» Required action
Every line below from the one with "soldiers immortal multiscreen wallpaper" through the one with "Shaman by Ya'Acov Darling Khan" should be retyped exactly, both ends included; no other lines and no pictures.

» Dataset entries
◆ ◆ ◆
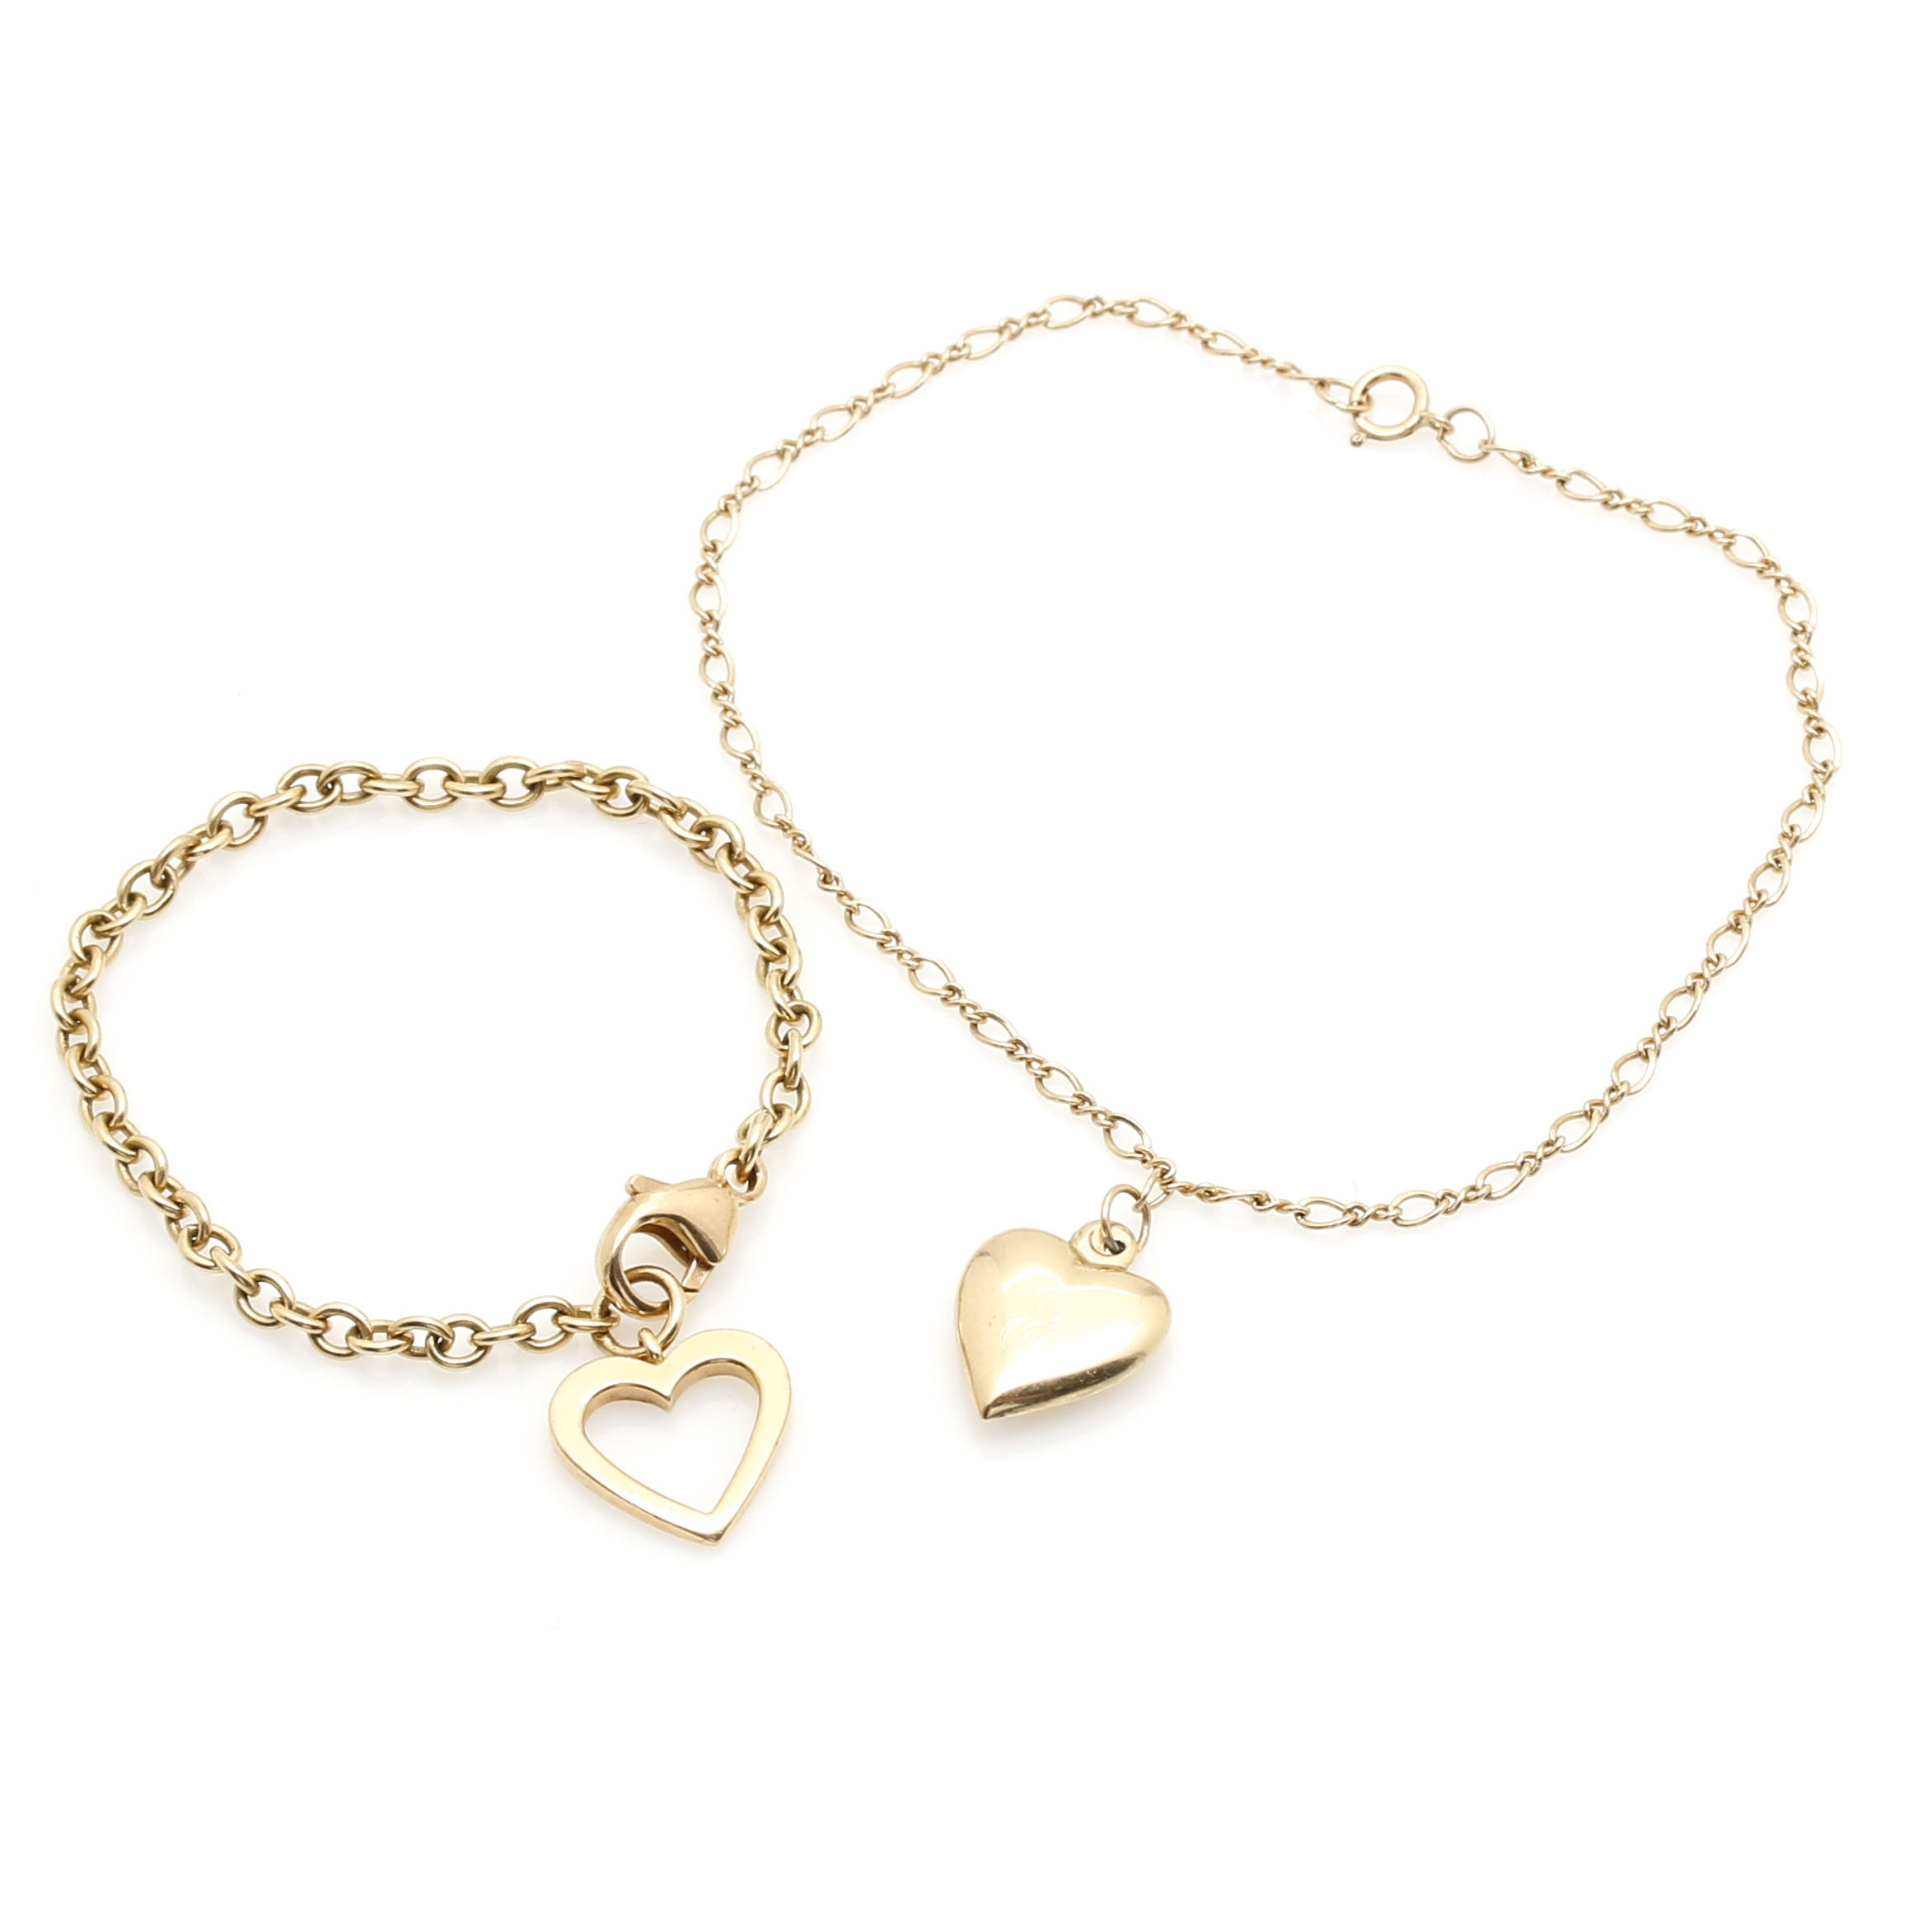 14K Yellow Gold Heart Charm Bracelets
◆ ◆ ◆
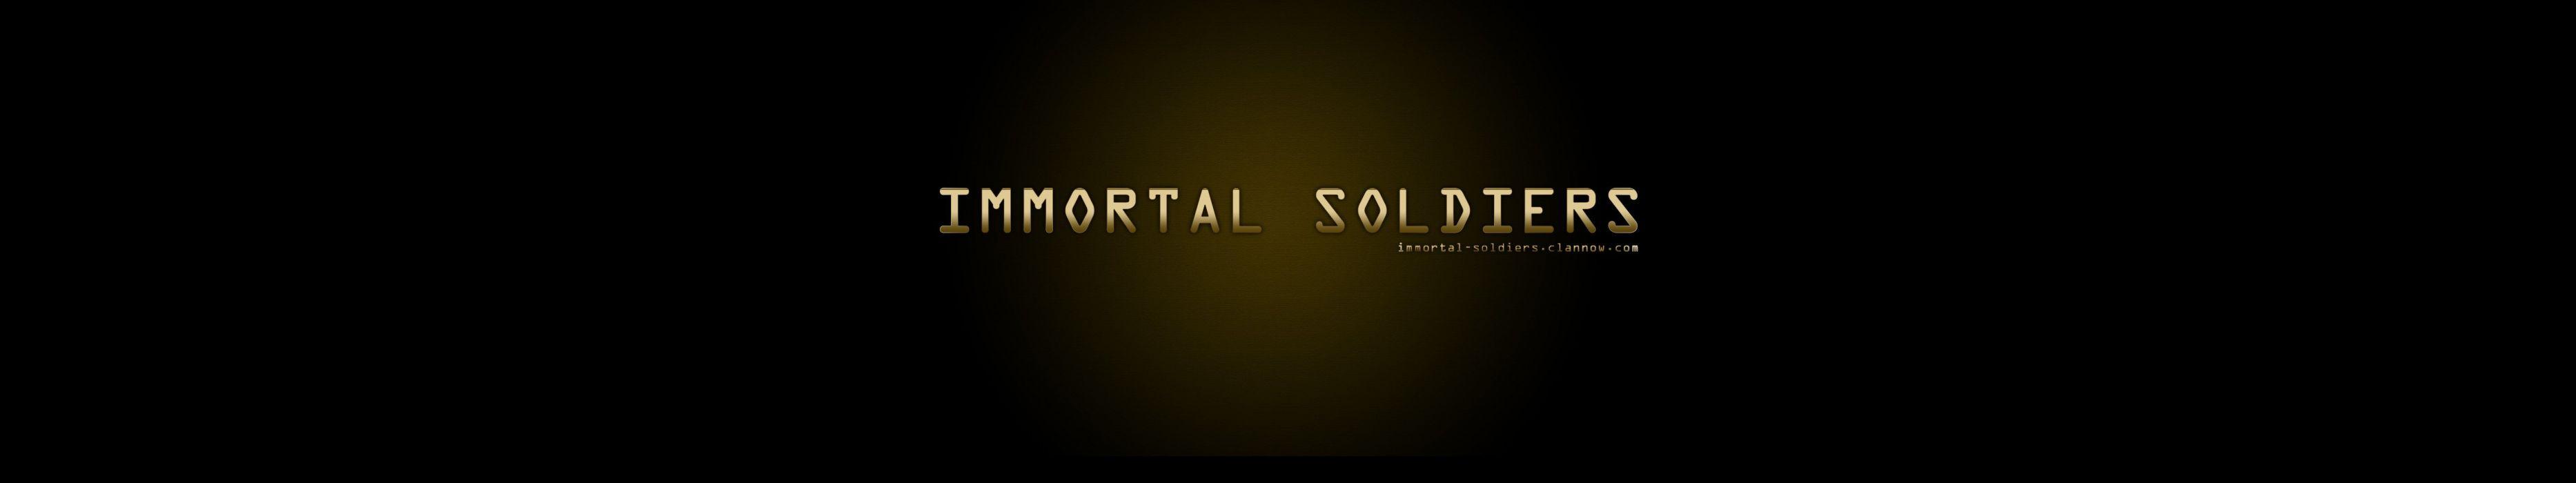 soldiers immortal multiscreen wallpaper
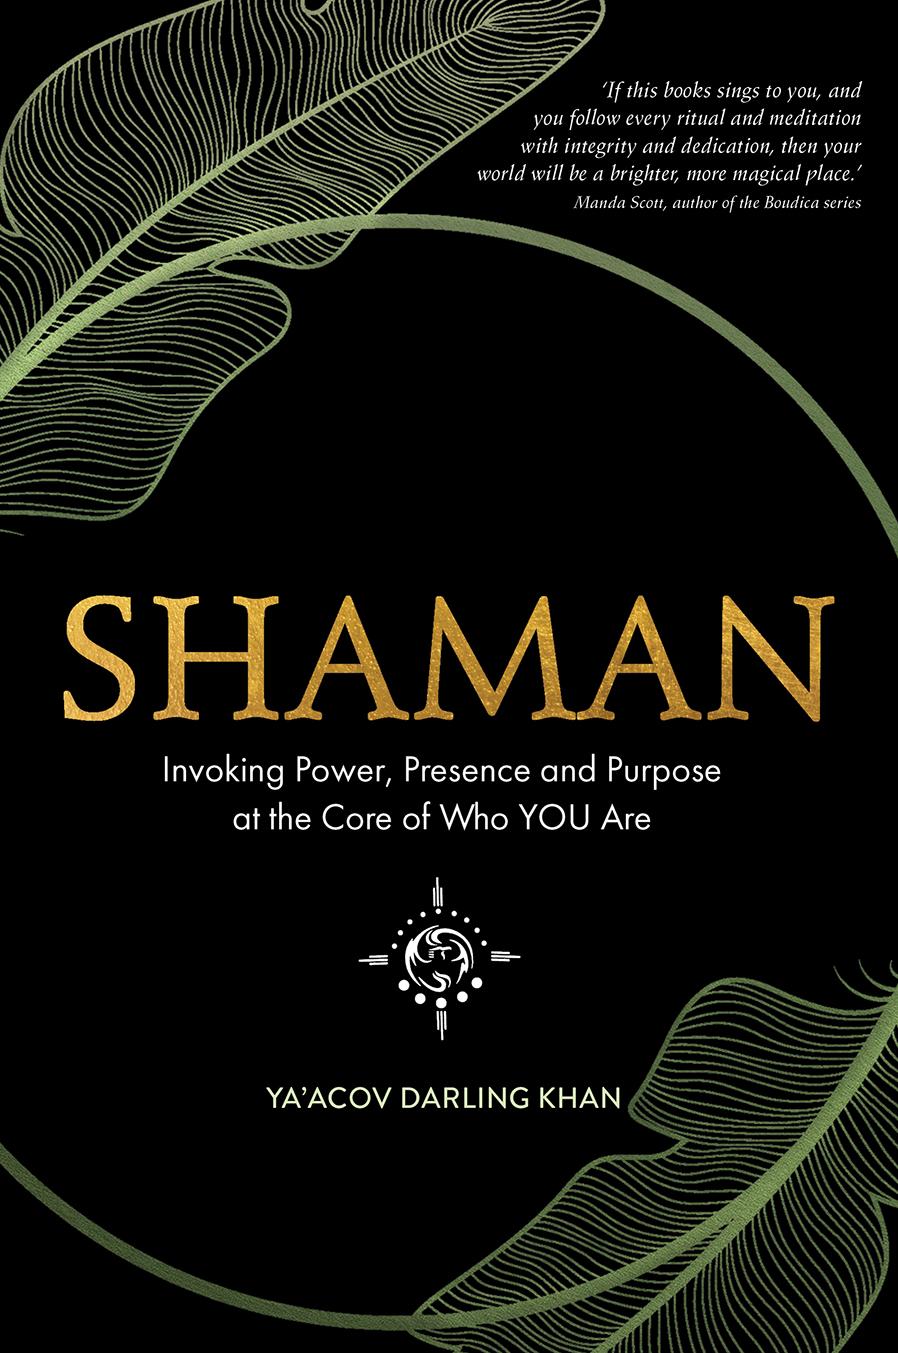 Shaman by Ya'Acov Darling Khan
◆ ◆ ◆
» Output
 soldiers immortal multiscreen wallpaper
 Shaman by Ya'Acov Darling Khan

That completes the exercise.